Everybody comments on the size of this volume; its weightiness, both physical and metaphorical, is inescapable. Other reviewers will do a more scholarly job of analyzing the contents. This is my idiosyncratic first impression of this beautiful book.
The left-hand side of every spread is a color photograph of a page from one of the two manuscript books used to record early revelations and commandments, with the right-hand side being a transcription of that manuscript page, line by line, each line of printed text breaking where the manuscript line breaks, insertions and overstrikes and erasures being marked on the text to mimic in type the handwritten page, as nearly as possible. The photographs are beautiful and clear, and I loved the detailed description in the forematter of how those photos were produced – the editors even tell us that the binding would not allow certain (identified) pages to lie flat, so archivists used small metal spatulas to hold the pages in place for photography (assuring us that no text was obscured in any case), then cloned color from the surrounding area to remove all visual trace of those spatulas.
This may be the first time that many readers have a chance to examine, even second hand, a primary manuscript from the 19th century. At some point, many will probably test themselves at trying to read a few lines of manuscript before looking at the printed “cheat sheet.” Depending on the chosen page, there will likely be some pride at how well the novice can read the unfamiliar handwriting, or – if the chosen page is one that is faded or particularly carelessly written – some marveling at the success of the volume editors in transcribing what seems an impossible mass of pale pen strokes.
I’ve transcribed tens of thousands of handwritten pages, although, I admit, in perhaps only two cases with anything remotely approaching the letter-by-letter care taken by the JSP editors, and never with the technological tools available to them. The revelations books are largely – not entirely – beautifully legible by the standards of some of the documents I’ve transcribed: in my first run-through, I didn’t notice any of the water-soaked, pencil-smeared, less-than-semi-literate handwriting and spelling of some of my documents. The writing is relatively dark, and relatively regular. Also, in many cases we know what to expect the manuscript to say, which can be a help to deciphering the text – although, as the JSP scholars have already demonstrated more than once, expectations can also be traps when they lead you to “see” something that isn’t really there.
My saying that “I’ve seen worse” is in no way intended to downplay the achievements of the editors of this volume. Quite the opposite. I’m only claiming enough experience to appreciate what they have done. And I’m only talking about completing the basic transcription – I have not the vaguest claim to understanding how they were able to determine the identity of the scribes who made minute alterations in the text, or some of their other stunning work.

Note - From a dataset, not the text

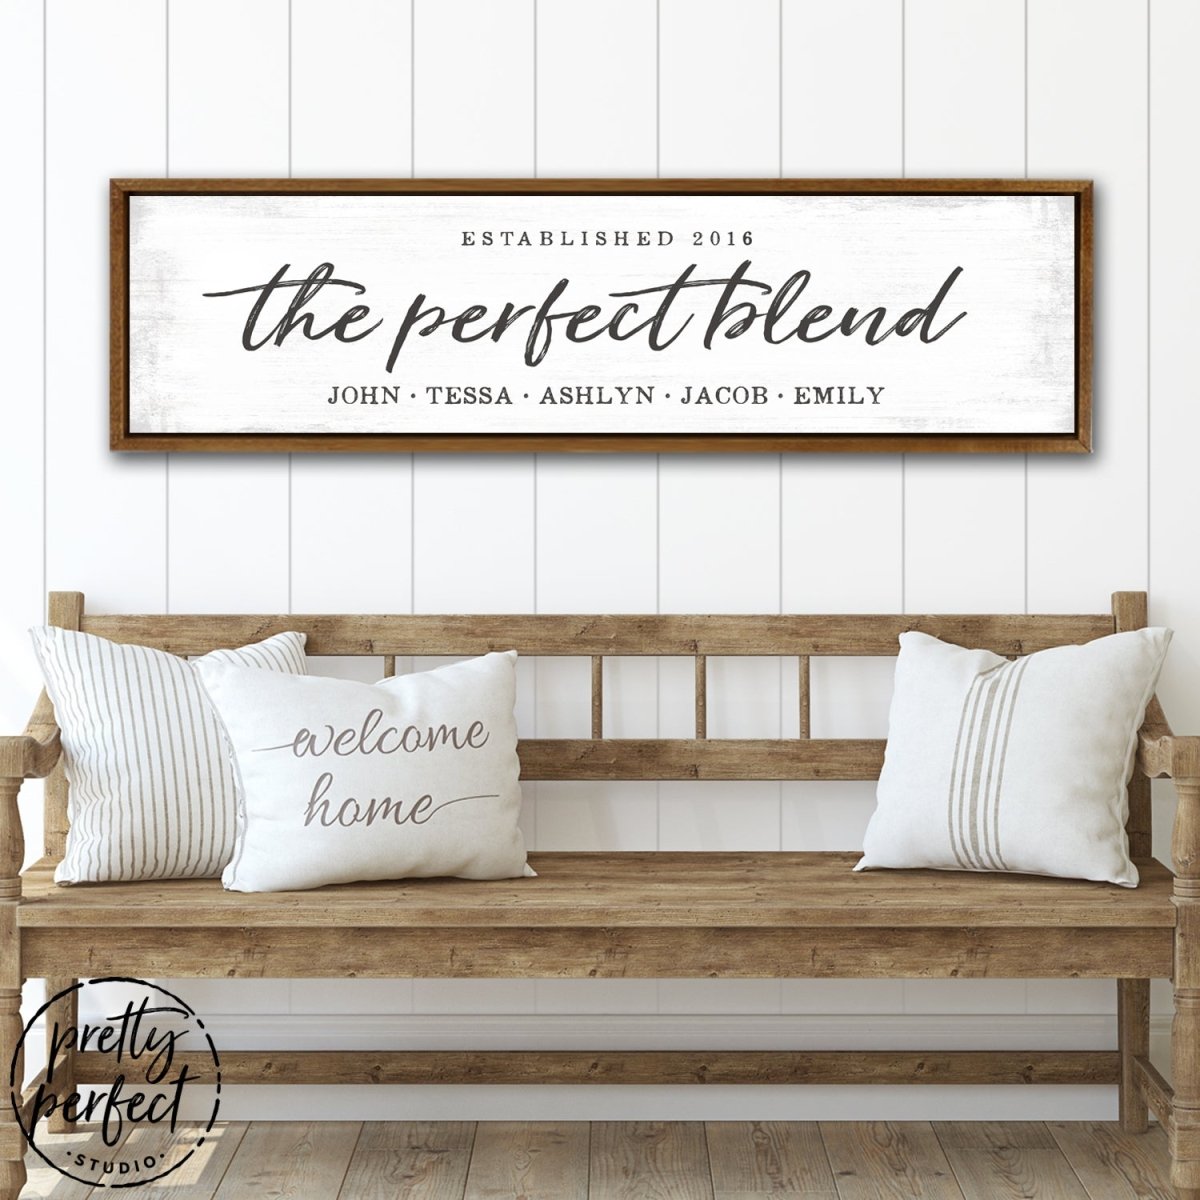 The Perfect Blend Personalized Name Sign With Established Date Above Entryway Bench - Pretty Perfect Studio
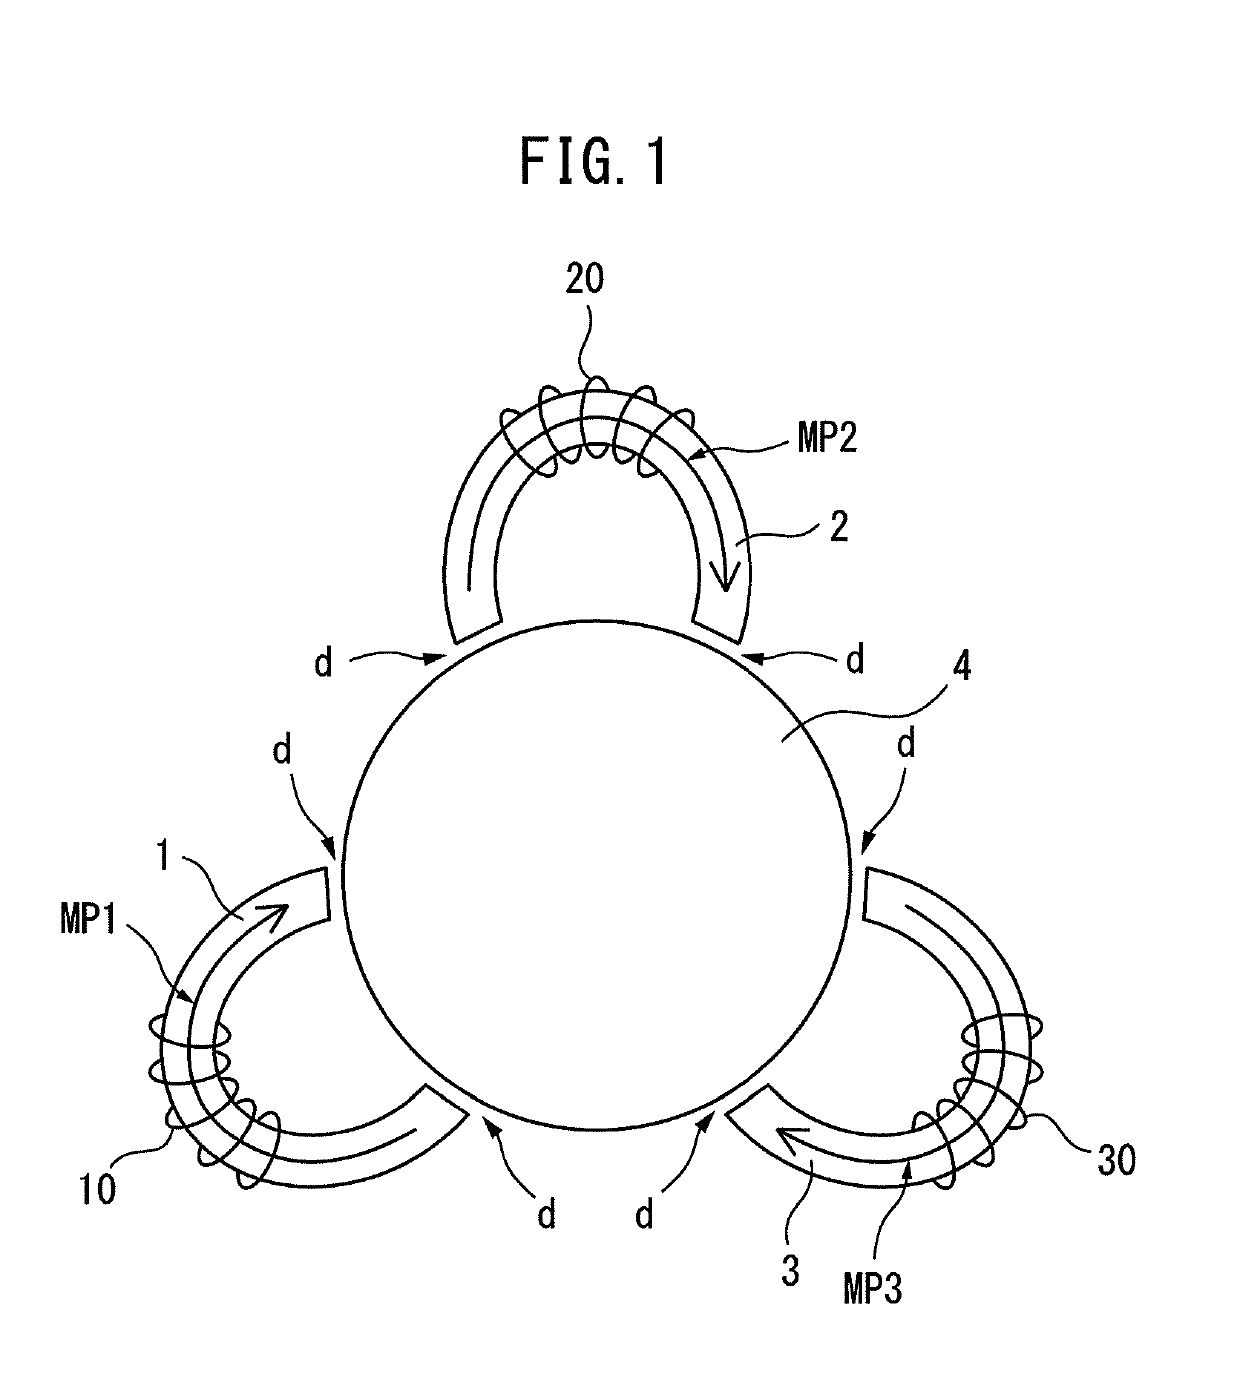 Multi-phase reactor capable of obtaining constant inductance for each phase

Yet even someone who has not transcribed 19th century documents will likely be astonished when he compares the manuscript to the typescript. Even something as familiar as the sacrament prayers, which appear in fair copy in the revelation book (meaning they appear to have been copied by a scribe from a previous document – the scribe wasn’t taking down the words as they fell for the first time from the lips of Joseph Smith, in which case you’d expect lots of false starts and crossouts), involves some corrections and erasures and insertions. When you read manuscript for the content, your eye tends to glide right past those clerical stumbles – but not the JSP editors. Every mark, every tiny smear that indicates the erasure and rewriting of a single character, is duly noted on the transcription. This tends to make the transcription look even more complicated than the manuscript!
Any random page in this volume will illustrate a problem I’ve run across time after time after time when dealing with church members who don’t appreciate the raw materials of history: Good people are genuinely mystified by the multiplicity of books on a single event – how can there be so many different versions of what happened at Mountain Meadows? Why can’t all those authors just look up what happened and write it down? Why doesn’t everybody just tell the truth?
This volume illustrates how difficult it is even to establish the words that are right there on the page. When it requires the skill of so many experienced scholars, coupled with the tools of an advanced technology, just to get the words down right, how much more effort must it take to understand what those words are trying to record?
Echoing a salute once given by a grizzled Colorado miner to aging Civil War veterans aboard a passing train, I say, “Three cheers for the boys what did!” Congratulations, Messrs. Jensen, Woodford, and Harper.